RECORDS FOR THIS EXERCISE Start Marker

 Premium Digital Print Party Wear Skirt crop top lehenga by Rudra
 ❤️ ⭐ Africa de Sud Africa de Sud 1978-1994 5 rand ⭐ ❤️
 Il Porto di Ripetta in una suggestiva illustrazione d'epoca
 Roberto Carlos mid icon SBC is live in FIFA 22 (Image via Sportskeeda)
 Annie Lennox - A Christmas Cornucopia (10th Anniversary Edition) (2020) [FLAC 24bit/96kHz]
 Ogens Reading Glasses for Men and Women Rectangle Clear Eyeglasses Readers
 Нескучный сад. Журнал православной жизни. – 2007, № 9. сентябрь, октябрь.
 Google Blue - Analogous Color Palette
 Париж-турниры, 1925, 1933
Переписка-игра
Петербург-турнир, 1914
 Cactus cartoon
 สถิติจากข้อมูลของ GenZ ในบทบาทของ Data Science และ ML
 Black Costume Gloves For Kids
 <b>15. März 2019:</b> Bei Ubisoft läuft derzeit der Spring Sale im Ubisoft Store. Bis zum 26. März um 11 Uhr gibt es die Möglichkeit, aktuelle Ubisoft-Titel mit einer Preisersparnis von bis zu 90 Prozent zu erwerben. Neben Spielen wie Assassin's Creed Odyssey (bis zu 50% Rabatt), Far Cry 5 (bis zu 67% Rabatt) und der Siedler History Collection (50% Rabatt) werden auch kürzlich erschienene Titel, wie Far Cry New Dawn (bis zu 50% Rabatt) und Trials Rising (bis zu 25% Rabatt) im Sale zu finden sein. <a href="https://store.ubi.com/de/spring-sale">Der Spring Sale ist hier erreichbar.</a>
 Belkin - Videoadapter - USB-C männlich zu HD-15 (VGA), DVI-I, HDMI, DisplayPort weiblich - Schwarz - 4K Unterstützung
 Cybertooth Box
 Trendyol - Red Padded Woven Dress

RECORDS FOR THIS EXERCISE End Marker

Look above for the line with "Annie Lennox - A" and the line with "Black Costume Gloves For Kids", and reproduce exactly those two lines plus every line between, nothing more.

 Annie Lennox - A Christmas Cornucopia (10th Anniversary Edition) (2020) [FLAC 24bit/96kHz]
 Ogens Reading Glasses for Men and Women Rectangle Clear Eyeglasses Readers
 Нескучный сад. Журнал православной жизни. – 2007, № 9. сентябрь, октябрь.
 Google Blue - Analogous Color Palette
 Париж-турниры, 1925, 1933
Переписка-игра
Петербург-турнир, 1914
 Cactus cartoon
 สถิติจากข้อมูลของ GenZ ในบทบาทของ Data Science และ ML
 Black Costume Gloves For Kids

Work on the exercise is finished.